On Oct 17 09:16, Charles Wilson wrote:
> On 10/17/2011 2:59 AM, Corinna Vinschen wrote:
> >On Oct 16 14:42, Charles Wilson wrote:
> >>2) Fixes to the test suite related to the above changes.
> >>
> >>3) Adopted Bruno's upstream changes to relocatable.c, turning off
> >>"expensive" relocation support in libintl.
> >>
> >>Odds of #1 and #2 being adopted upstream are effectively nil, so...
> >
> >I don't understand this.  It's very clear that the former, unfixed
> >behaviour is totally wrong for Cygwin, especially in terms of the
> >used charset.  I don't see why doing the right thing, using less special
> >cases for Cygwin in gettext/libintl should be unacceptable for upstream.
> As for #1, I doubt Bruno would accept those changes upstream until
> we address his four points, because (I think) he is claiming that
> current (e.g. prior to my patch) libintl DOES do all of these
> things, and he'd view my change as breaking all four of them.

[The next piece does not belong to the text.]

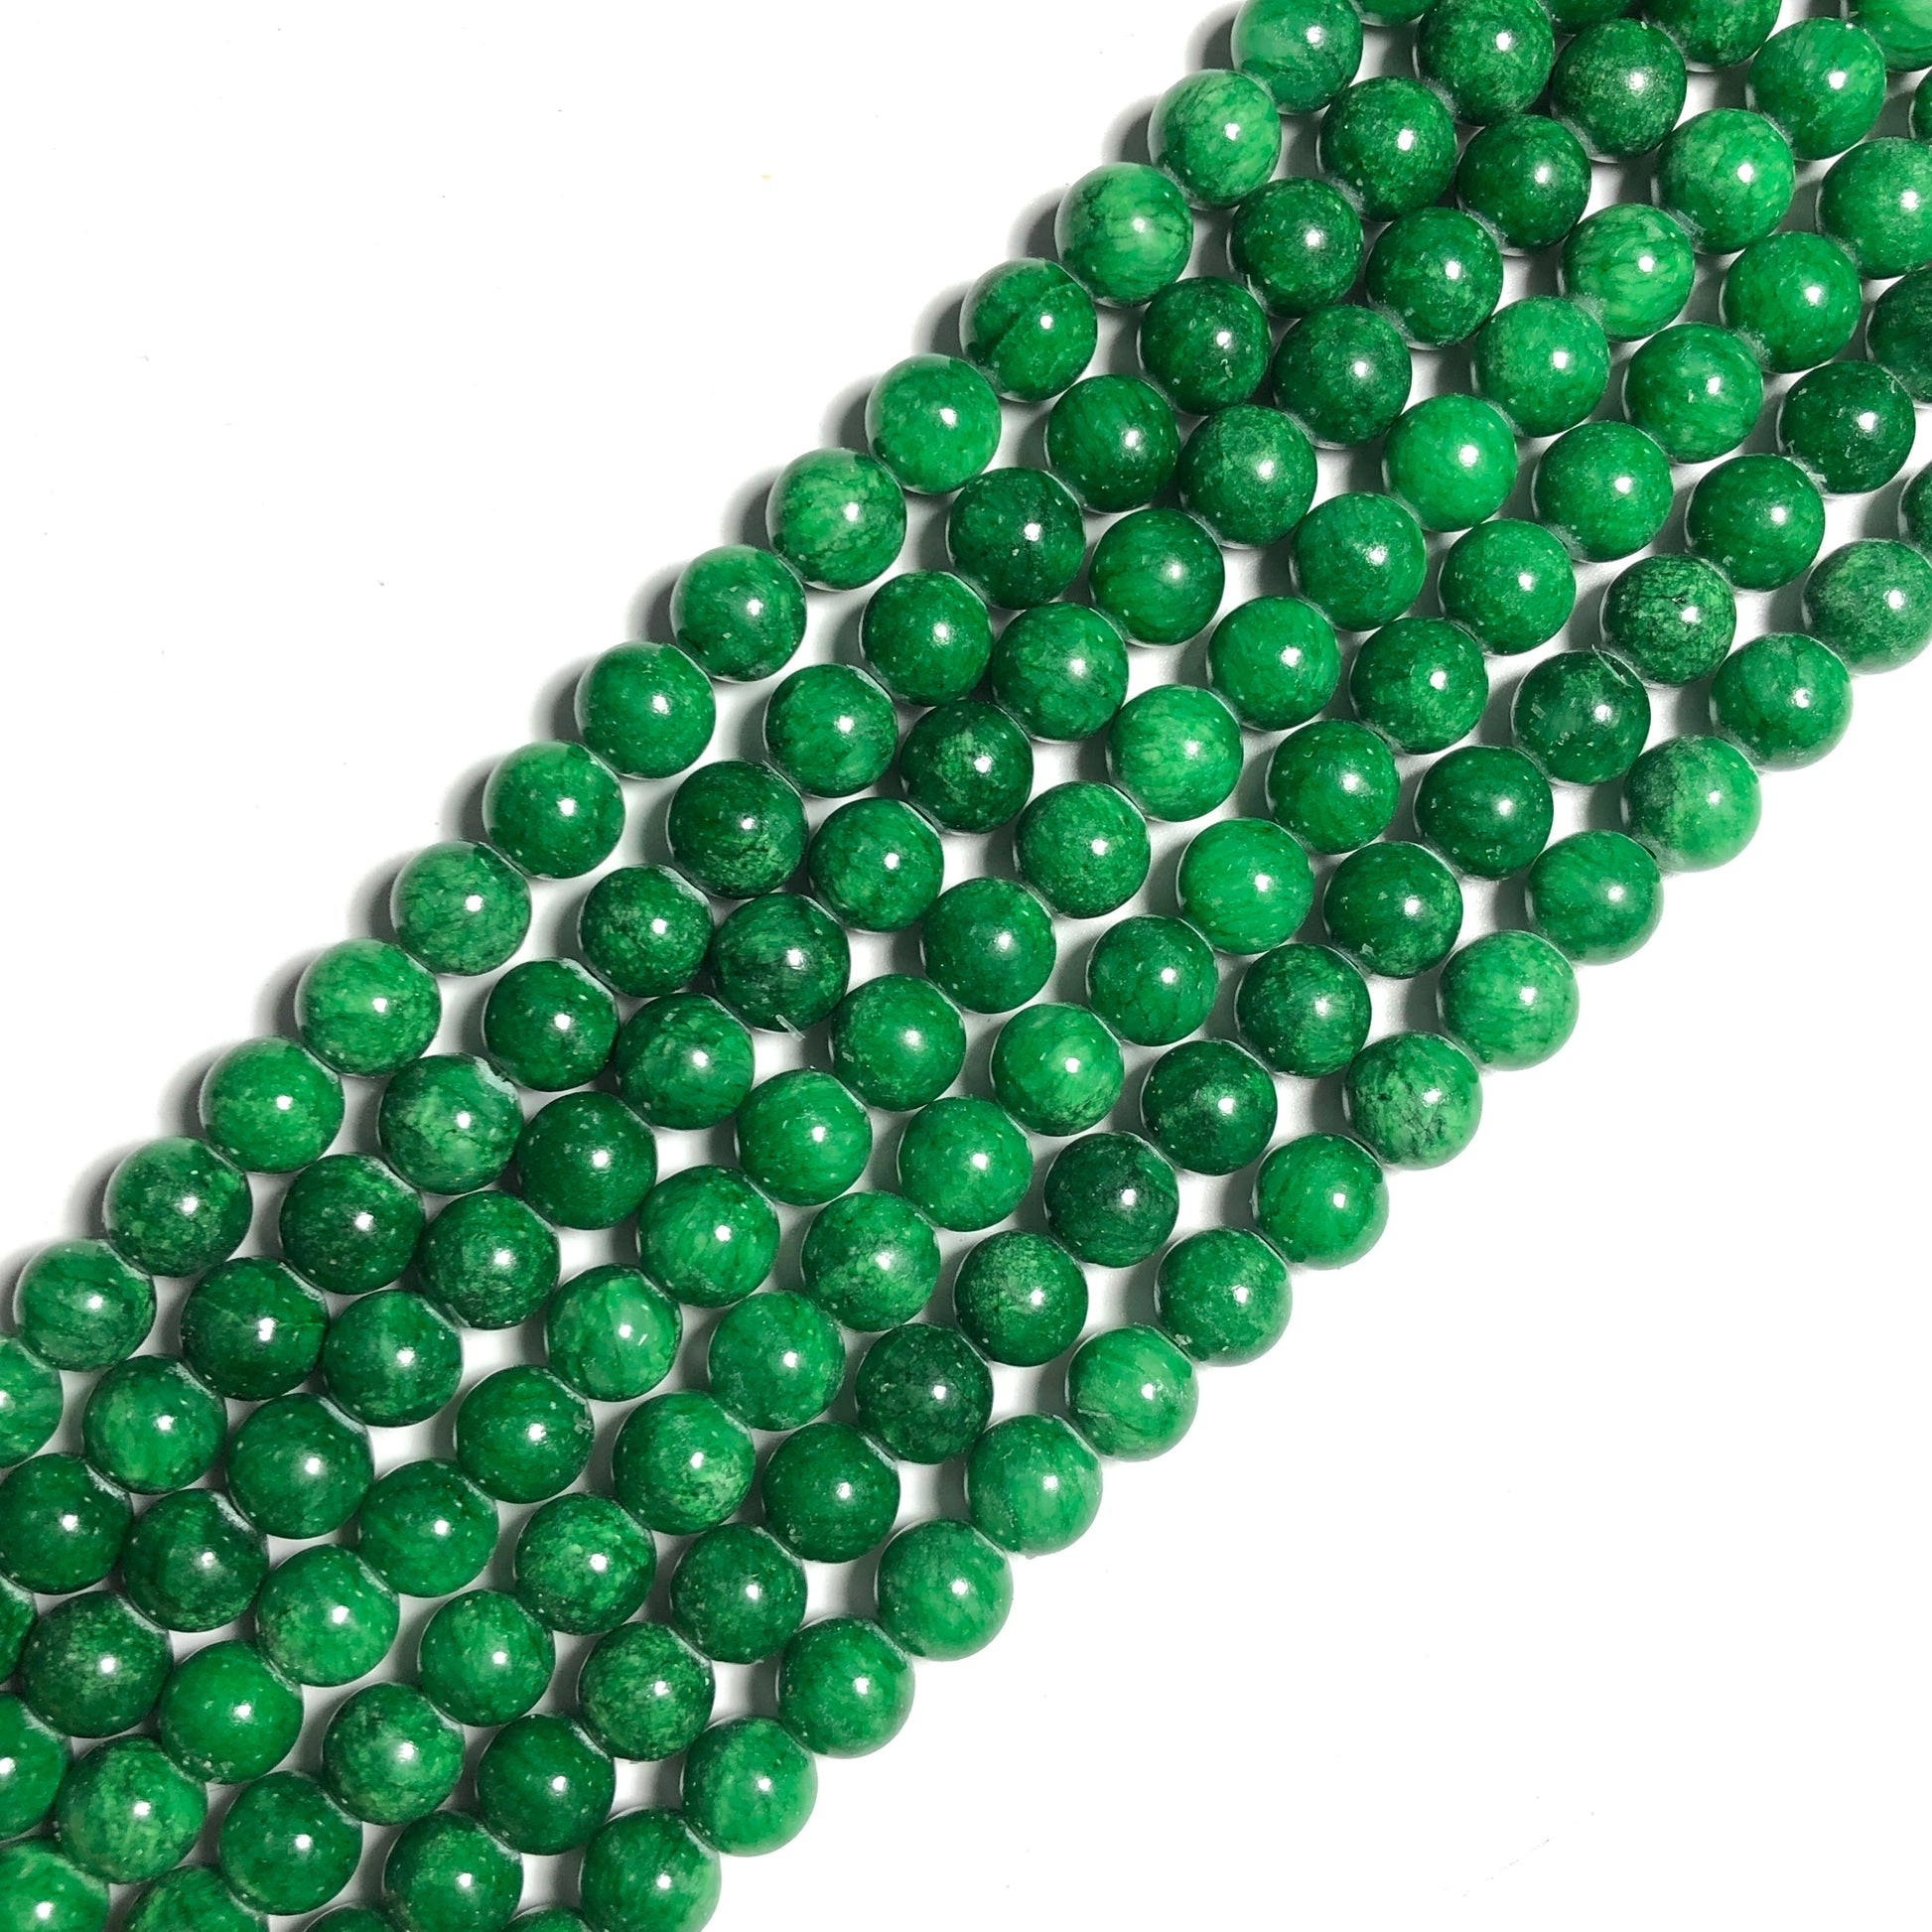 2 Strands/lot 10mm Mardi Gras Color Yellow Green Purple Jade Round Stone Beads 2 Strands Green Stone Beads Mardi Gras New Beads Arrivals Round Jade Beads Charms Beads Beyond
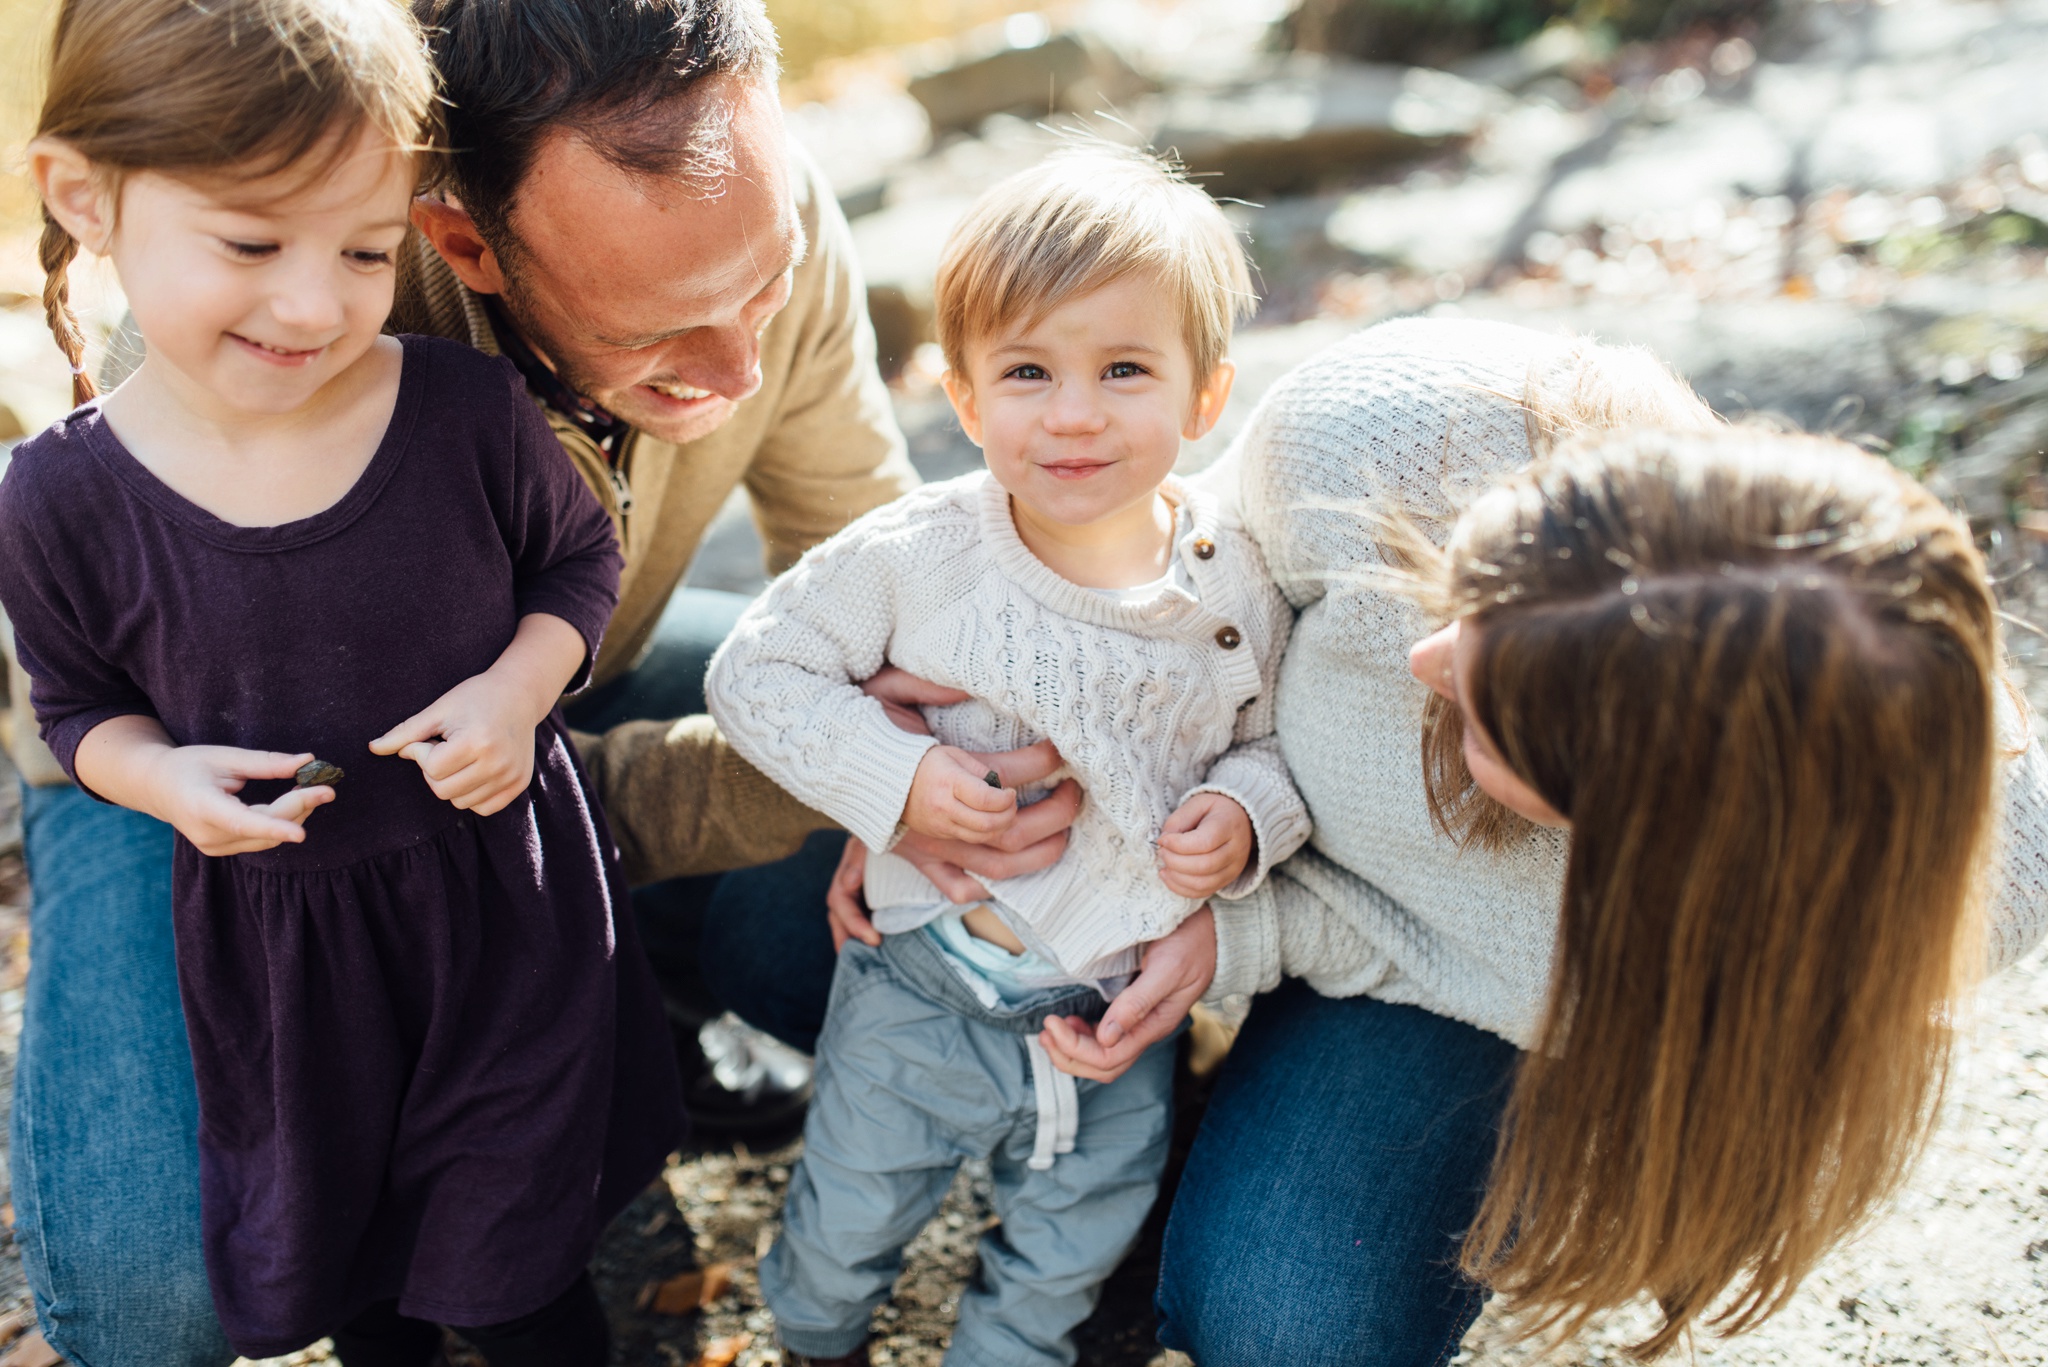 Wissahickon Valley Park Family Session - Alison Dunn Photography photo

If he claims that, he's wrong.  Look, Cygwin was (most of the time)
running in UTF-8 mode.  Did anybody complain before that his or her
libintl running apps were using the wrong codeset when LANG was set 
to "xyz.UTF-8"?  I don't see that.  Only with libintl
suddendly started to set the charset to ISO-8859-1 for some people,
even though LANG was set to some "xyz.UTF-8".  This is a very clear
breakage of Cygwin, and former versions of libintl did not do that.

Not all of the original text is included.